::: GIVEN DATA :::

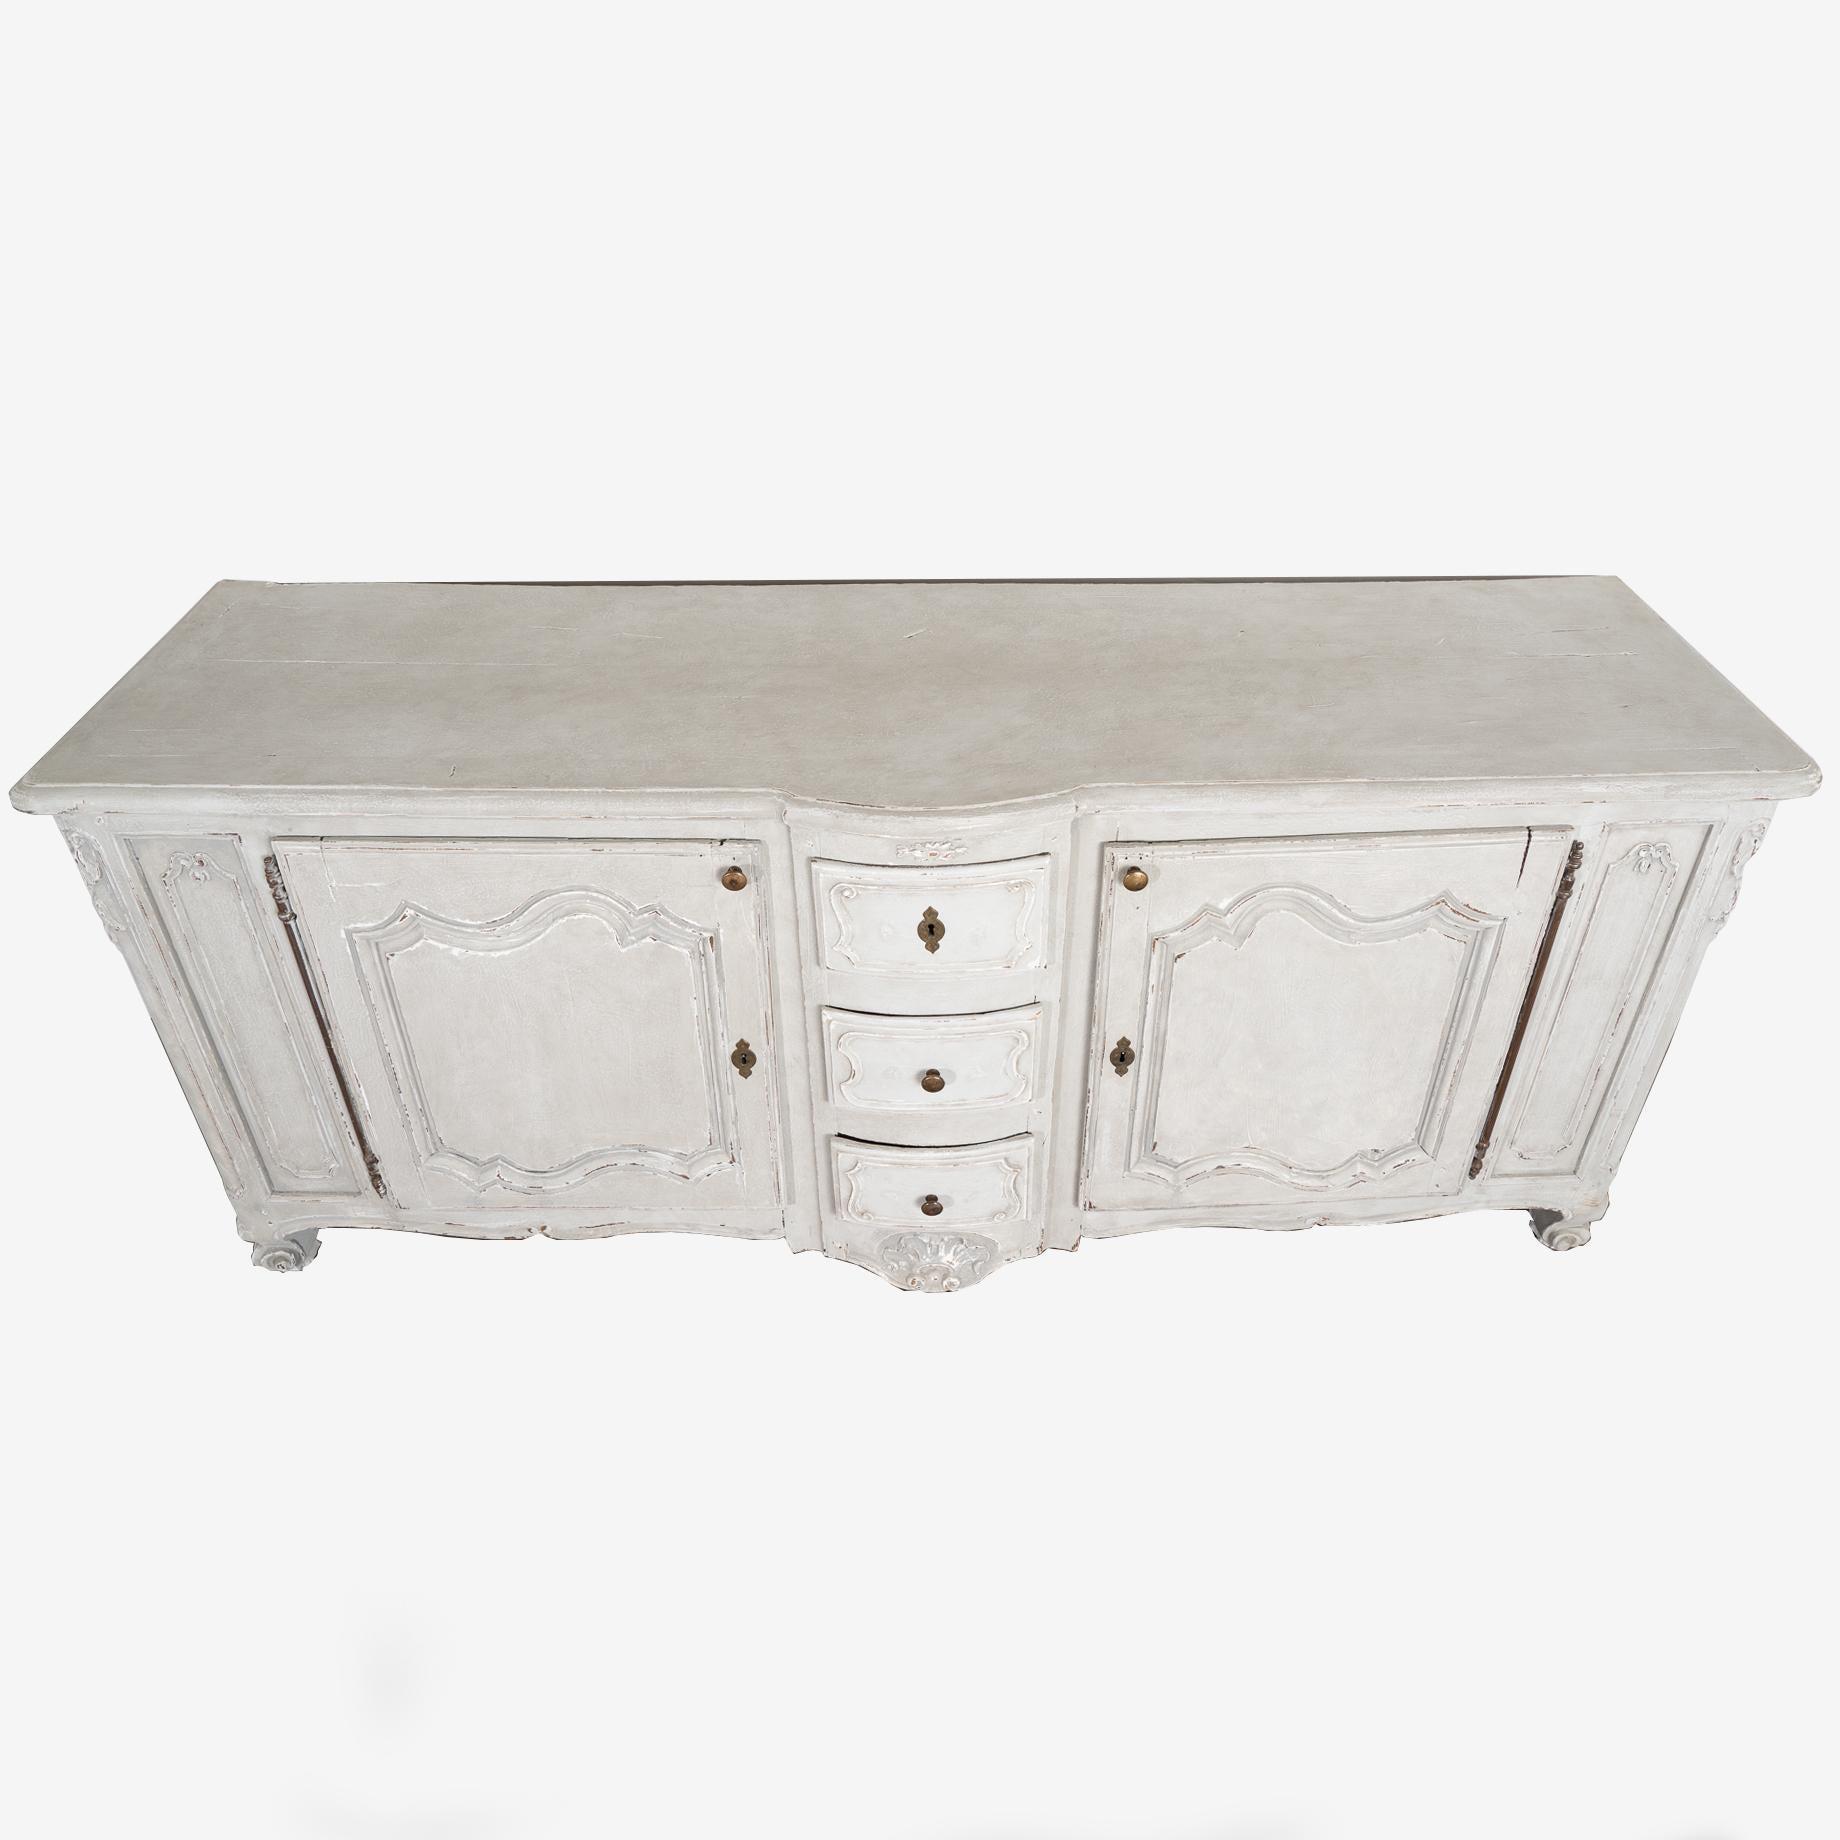 French Provincial Antique Gray Painted French Oak Sideboard Buffet circa 1800s For Sale
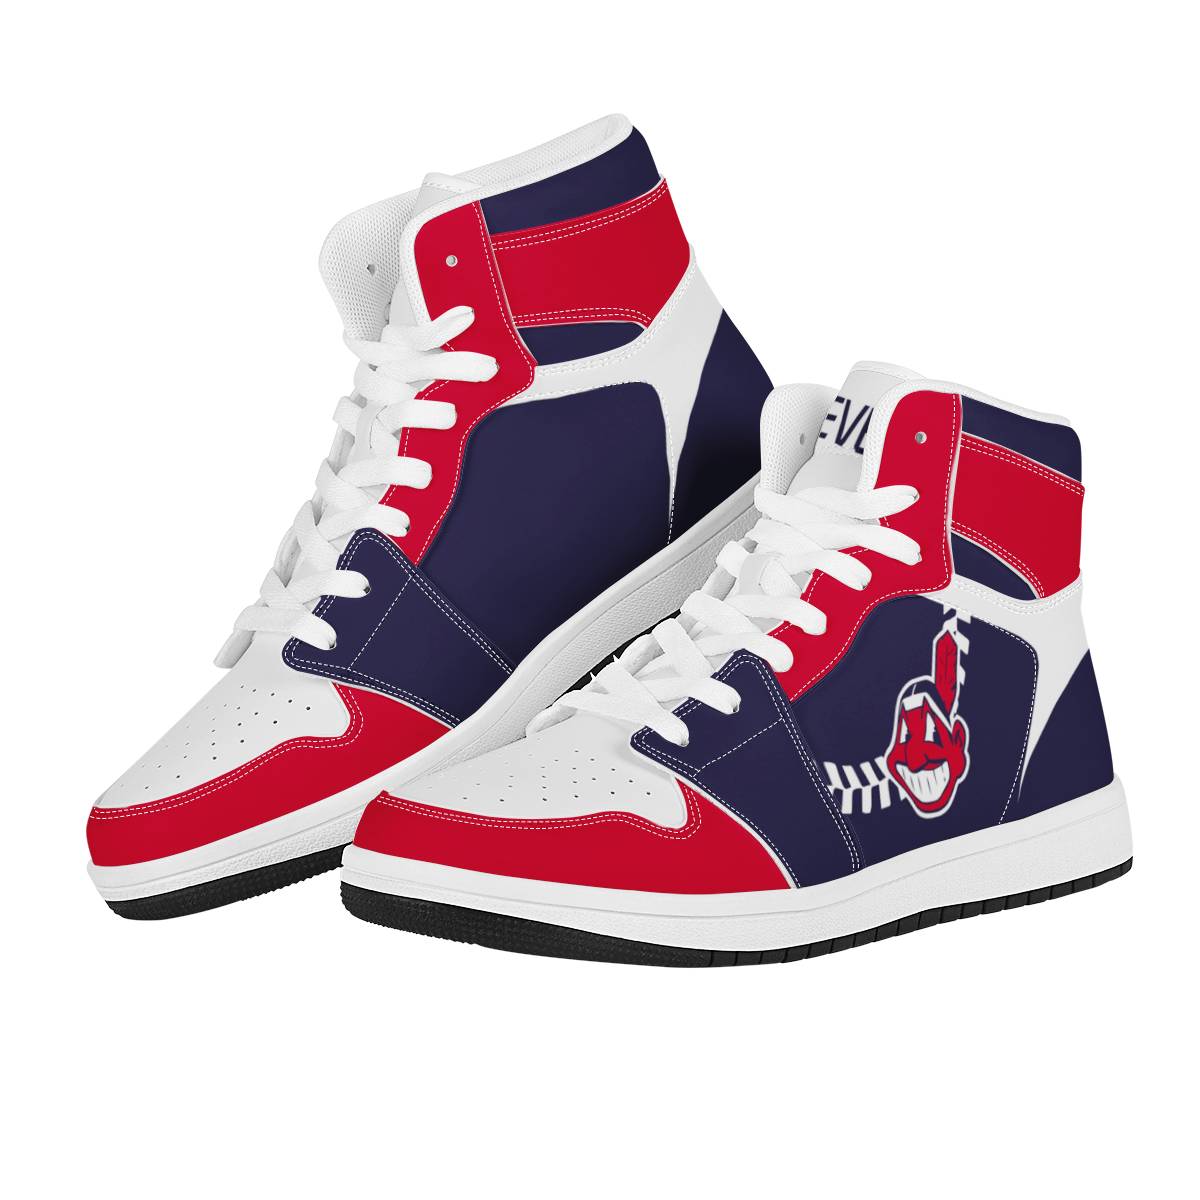 Men's Cleveland Indians High Top Leather AJ1 Sneakers 001
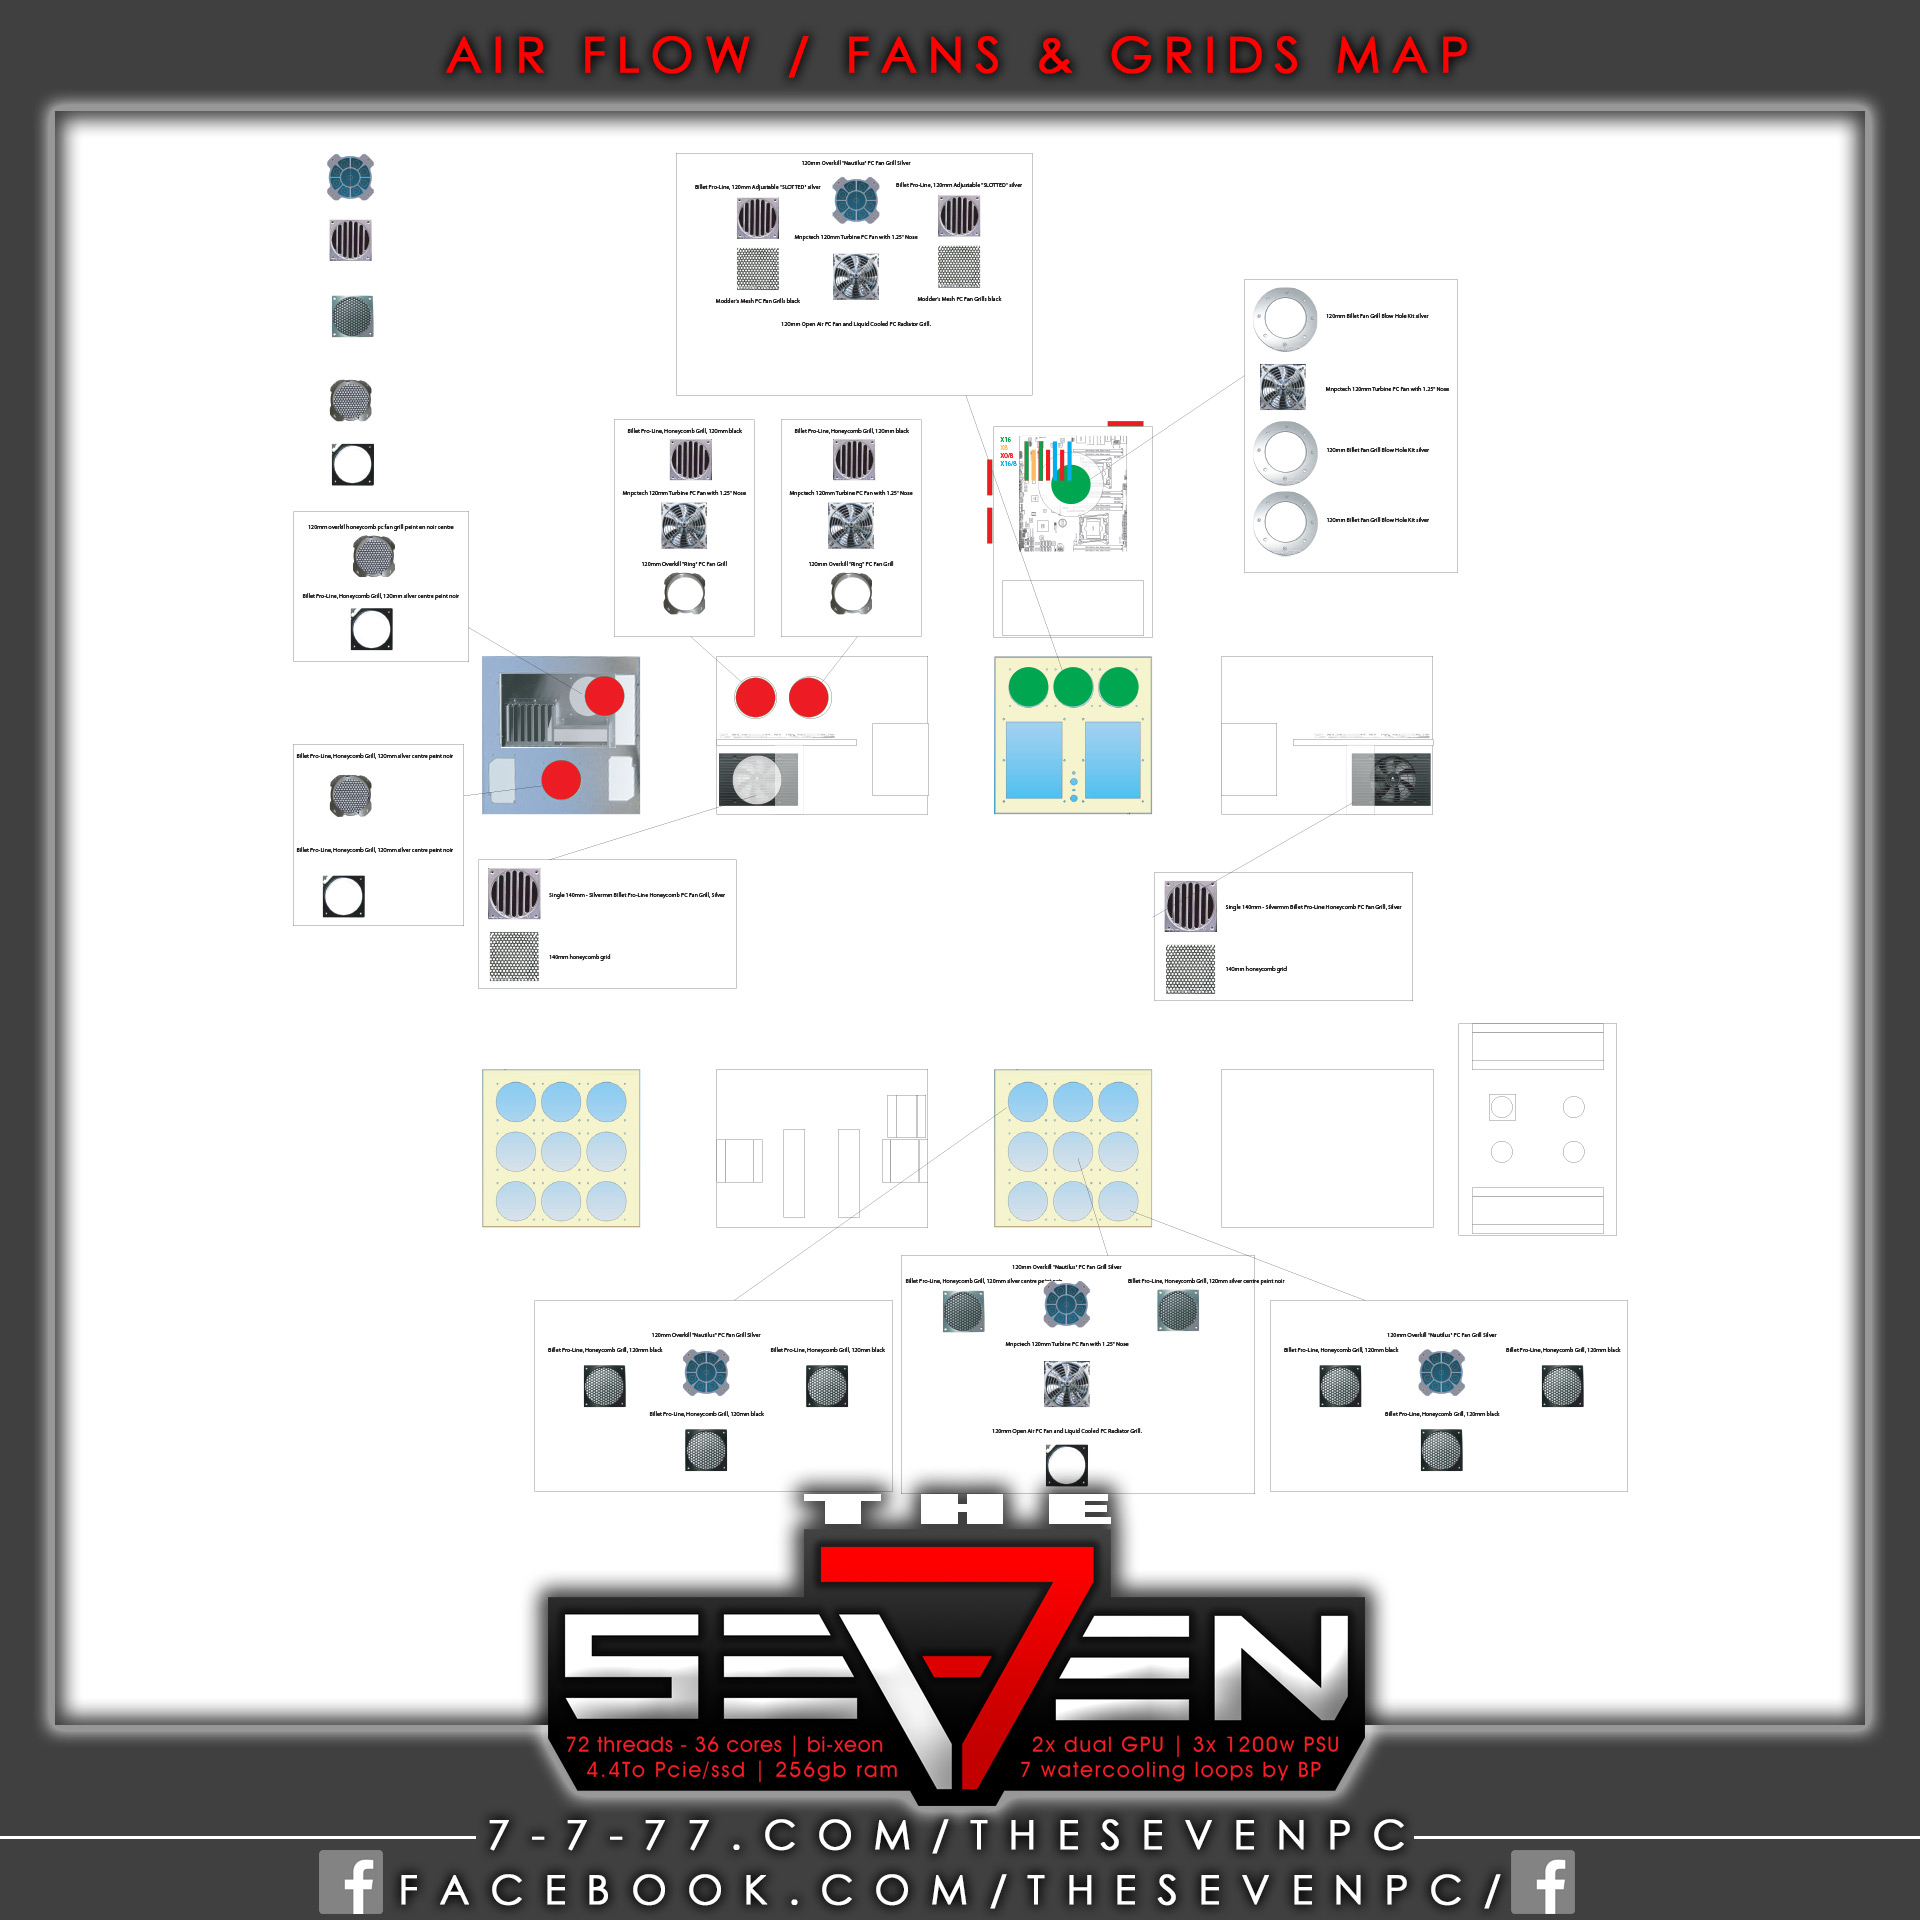 http://7-7-77.com/thesevenpc/pic/the-seven-pc-watercooling-map-10.jpg

:::

● **INSTRUCTIONS TO FOLLOW**
An exact reproduction of the data above is required, with every picture removed.

● **RESULT OF THE EXERCISE**
 French Provincial Antique Gray Painted French Oak Sideboard Buffet circa 1800s For Sale
 Men's Cleveland Indians High Top Leather AJ1 Sneakers 001
 http://7-7-77.com/thesevenpc/pic/the-seven-pc-watercooling-map-10.jpg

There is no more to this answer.